His firm sought out the brightest mathematicians and specialists who could develop games that would maximise profits. As the online betting market exploded, it would prove to be a highly lucrative niche.
Just seven years later, the company was valued at £550 million when it floated on the London Stock Exchange. Still in his early 30s, Sagi (who had a majority stake) had joined the ranks of the world’s super-rich.
With great wealth came the trappings.
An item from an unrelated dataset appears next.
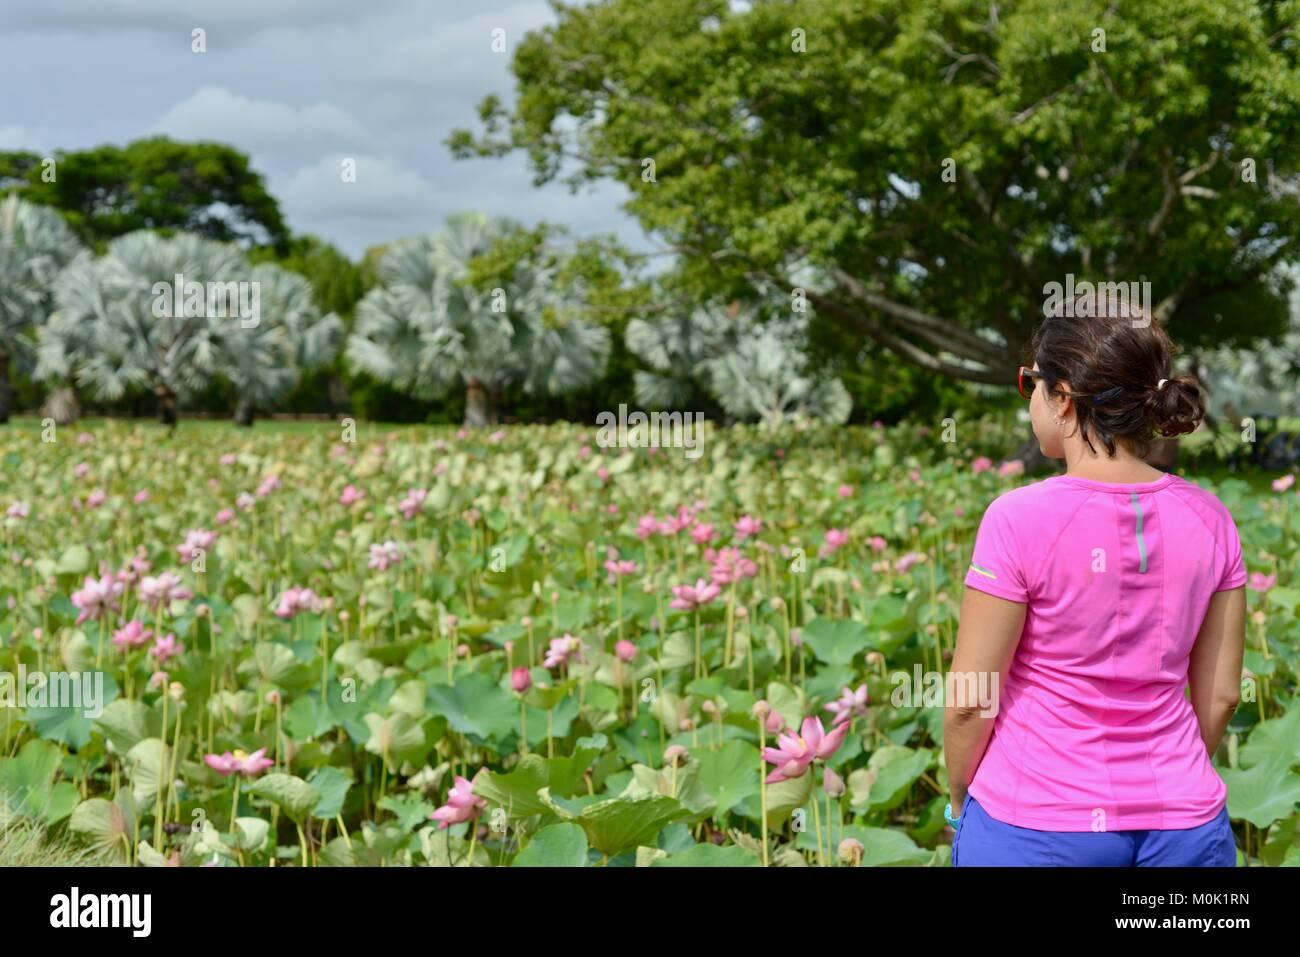 Women with pink sports top enjoying Anderson Park Botanic Gardens, Townsville, Queensland, Australia - Stock Image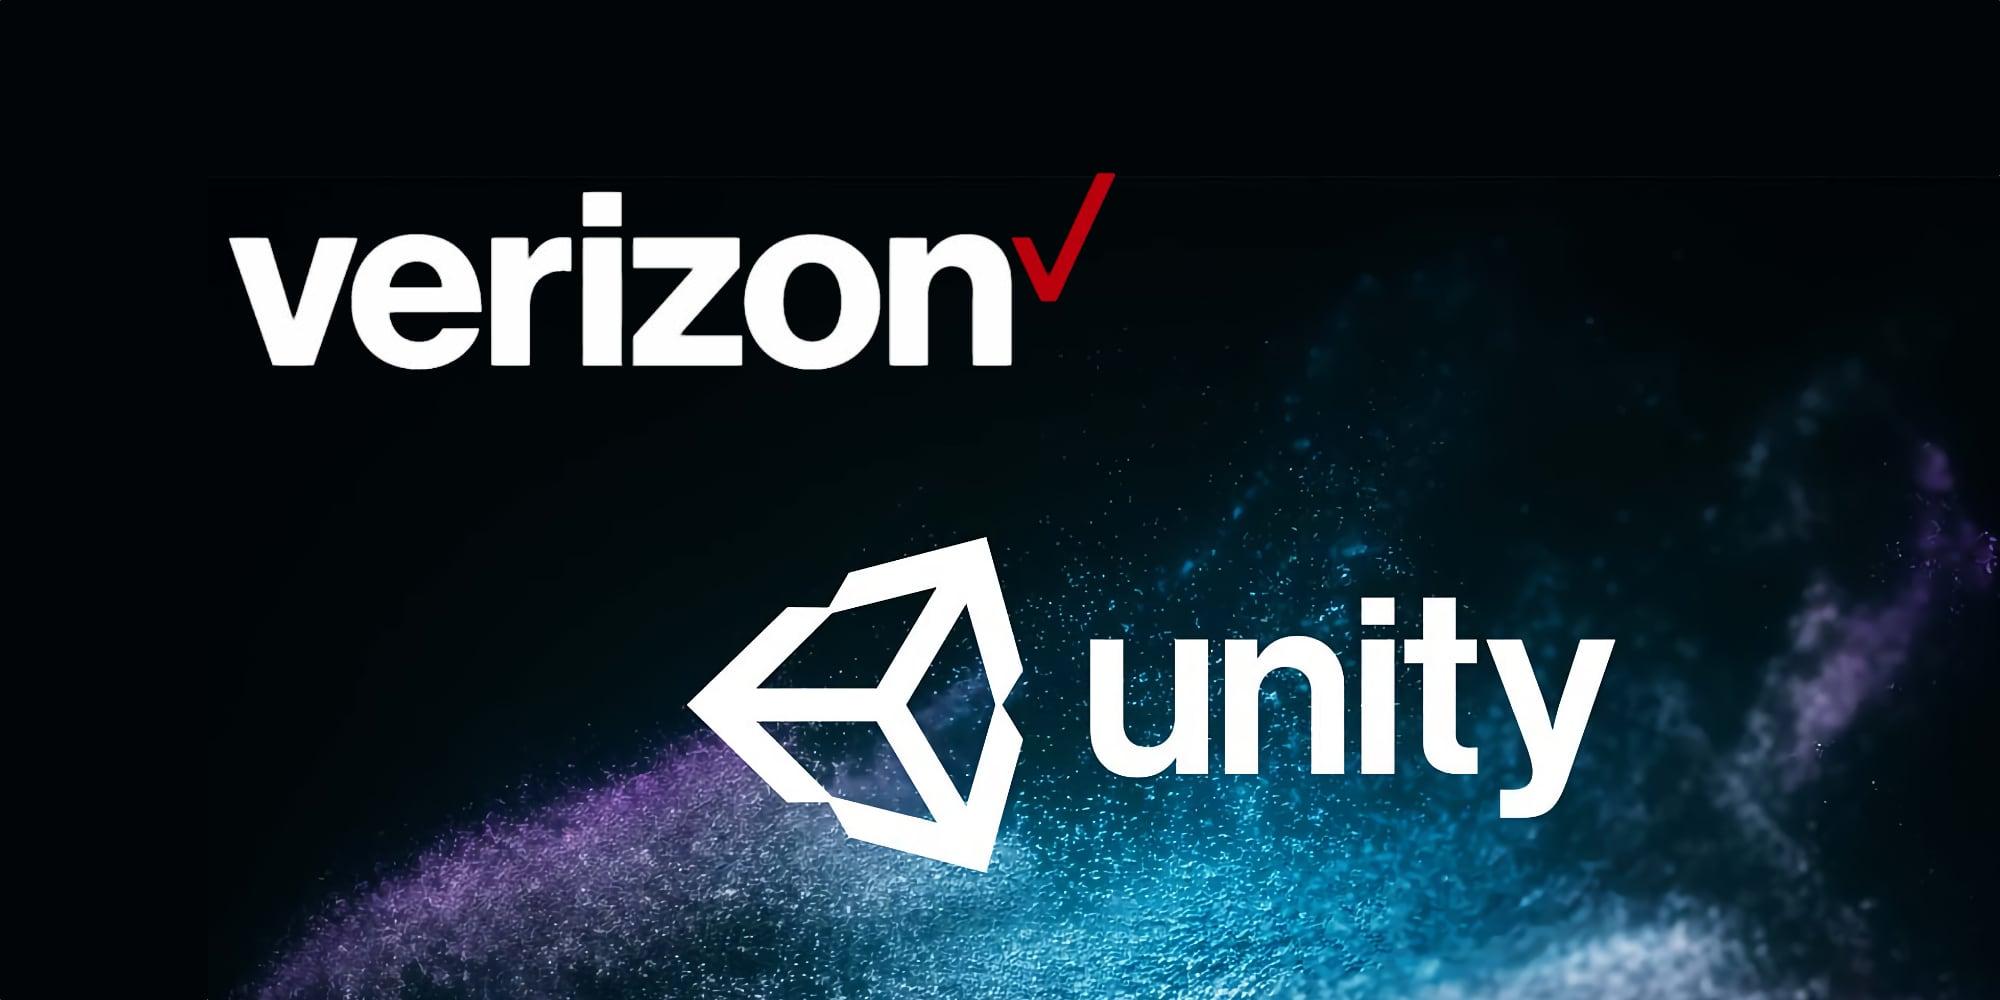 venturebeat.com - Jeremy Horwitz - Verizon picks Unity as 5G MEC partner for 3D enterprise apps and games

In 2009 he popped up in gossip columns when he was photographed arm-in-arm with Israeli supermodel Bar Refaeli, who had recently separated from Hollywood star Leonardo DiCaprio.
Later he married Yael Nizri, a former beauty queen and one-time Miss Israel, and now has six children.
Investors believe Mr Weizer has done nothing to justify his multi-million-pound rewards, pointing out that he’s managed to drop Playtech’s share price from £3.75, when he took the top job in 2007, to just £2.70 today (file image)
The couple are reported to have homes in London’s Knightsbridge and Cyprus, along with Israel’s most expensive house in Herzliya Pituah, plus two penthouses in a Ritz Carlton and an apartment in the Tzameret Towers in northern Tel Aviv, bought from former Israeli Prime Minister Ehud Barak.
In recent years, Sagi has used his loot to buy vast amounts of real estate, including Camden Market in London, which he picked up for £400 million in 2014. He was at one point rumoured to be mulling the purchase of Reading Football Club, arriving at the stadium for talks in a helicopter.
He has simultaneously stepped back from Playtech, though he remains close to Mor Weizer, and was photographed at the bar mitzvah of his son Ron in 2019.
As a result, Sagi was no longer involved in the day-to-day running of the company at the time of Chris Bruney’s death (and had no role in the subsidiary responsible for Winner.co.uk). However, he did remain on its books under a consultancy agreement from 2012.
Though he was the company’s largest shareholder, with around 33 per cent of its stock in late 2016, his holding was steadily being reduced, and had shrunk to 20 percent by the date of Mr Bruney’s suicide. He had completely offloaded his stake by the end of 2018.
Be that as it may, Mr Sagi this week expressed his sorrow over the affair, with a representative telling me: ‘His thoughts are with the family of the man who died in these very tragic circumstances.’
As for the extraordinarily well-paid Mor Weizer, who presided over this sorry mess, he remains in fine fettle.
Although Playtech’s long-suffering shareholders voted overwhelmingly against his firm’s remuneration report at the aforementioned AGM, company law dictates that the vote was advisory, meaning he can keep on hoovering up a vast salary, not to mention lucrative bonus scheme.
In other words, the odds appear fixed so that, unlike many of Playtech’s bruised clients, this Master of the Universe will always end up winning.